Henry Mitchell, Henry Mitchell On Gardening (pub. info here).
Henry's wisdom rings eternal...while reading some in the May chapter last night, I noted that he was talking about the 17 year cicadas which last happened in 1987 (ah, he was still with us!) His sagacity is timeless!
Posted by: avril | May 13, 2004 at 11:58 PM
I chuckled at the cicada chapter too, as I was leafing through the book for this post. Don't be surprised if excerpts from it make an appearance in a future post this summer!

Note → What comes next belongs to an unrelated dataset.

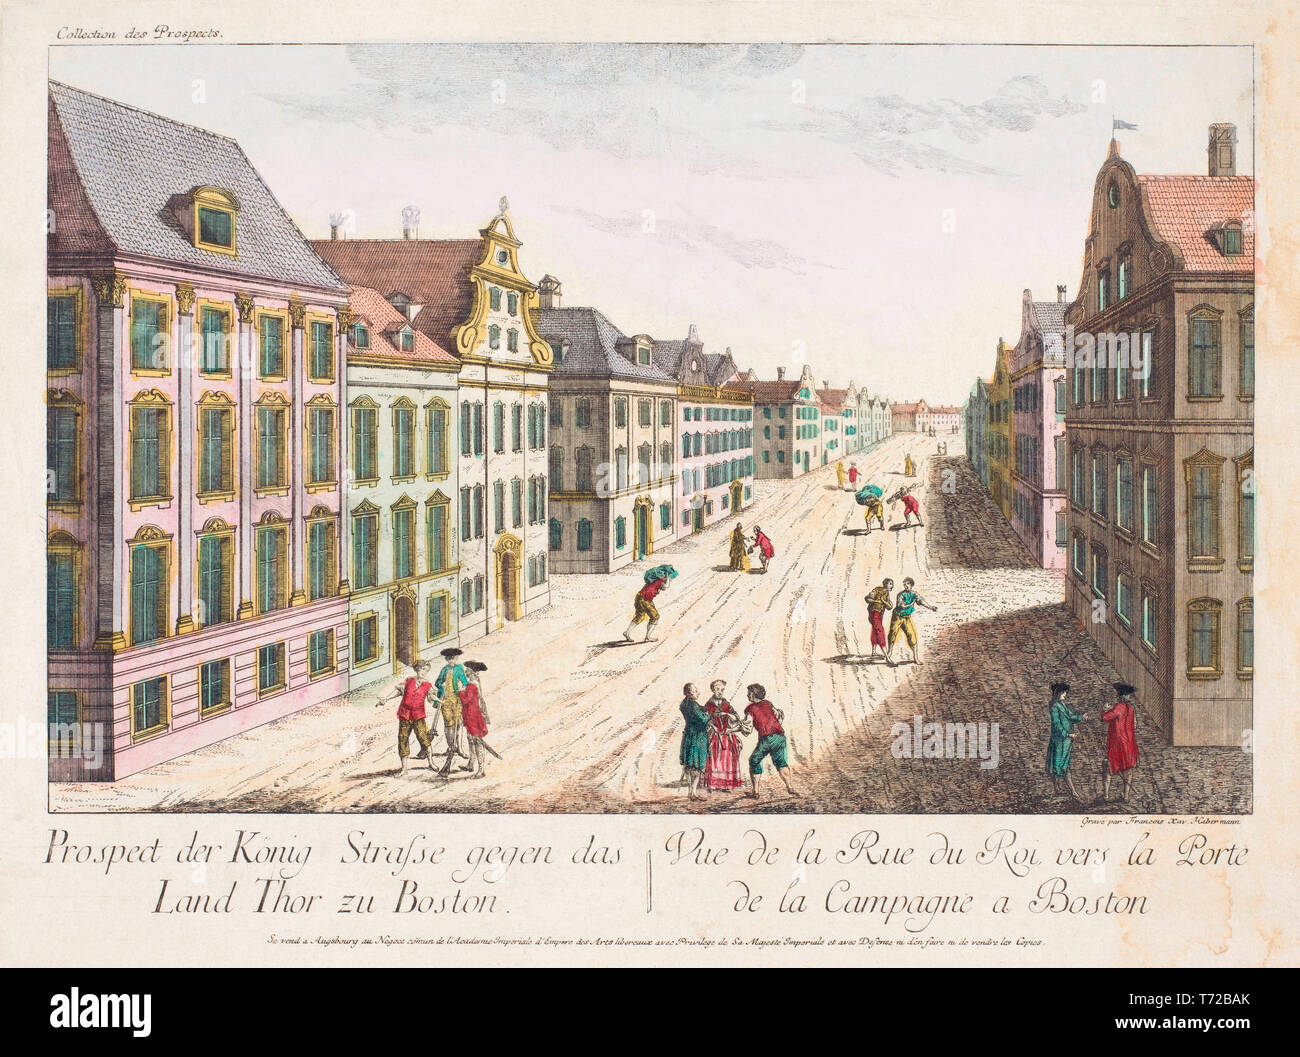 Blick auf die King Street, Boston im 18. Jahrhundert. Nach einem Hand-farbigen Drucken aus dem 18. Jahrhundert. King Street ist nun als State Street bekannt. Später einfärben. Stockfoto

Posted by: Chan S. | May 14, 2004 at 11:43 AM
That is very different from my experience with Heavenly Blue. It's my favorite morning glory. I plant seeds in the spring and it finally blooms in midsummer. I guess if I could find plants I could have flowers a lot earlier but I've never seen any. Also, it acts like any other morning glory - closed by noon or earlier. I wonder if the heat has something to do with that. I tend to "close up" when it's 105 outside too. :-)
Posted by: Lynn S | May 17, 2004 at 02:48 PM
I love Heavenly Blue too, and will be starting seeds for it in a trellised pot soon. Another bit of trivia I forgot to mention in the post is that the Brazilian morning glory has a three-lobed leaf, different than the heart-shaped leaf of Heavenly Blue...but I like 'em all.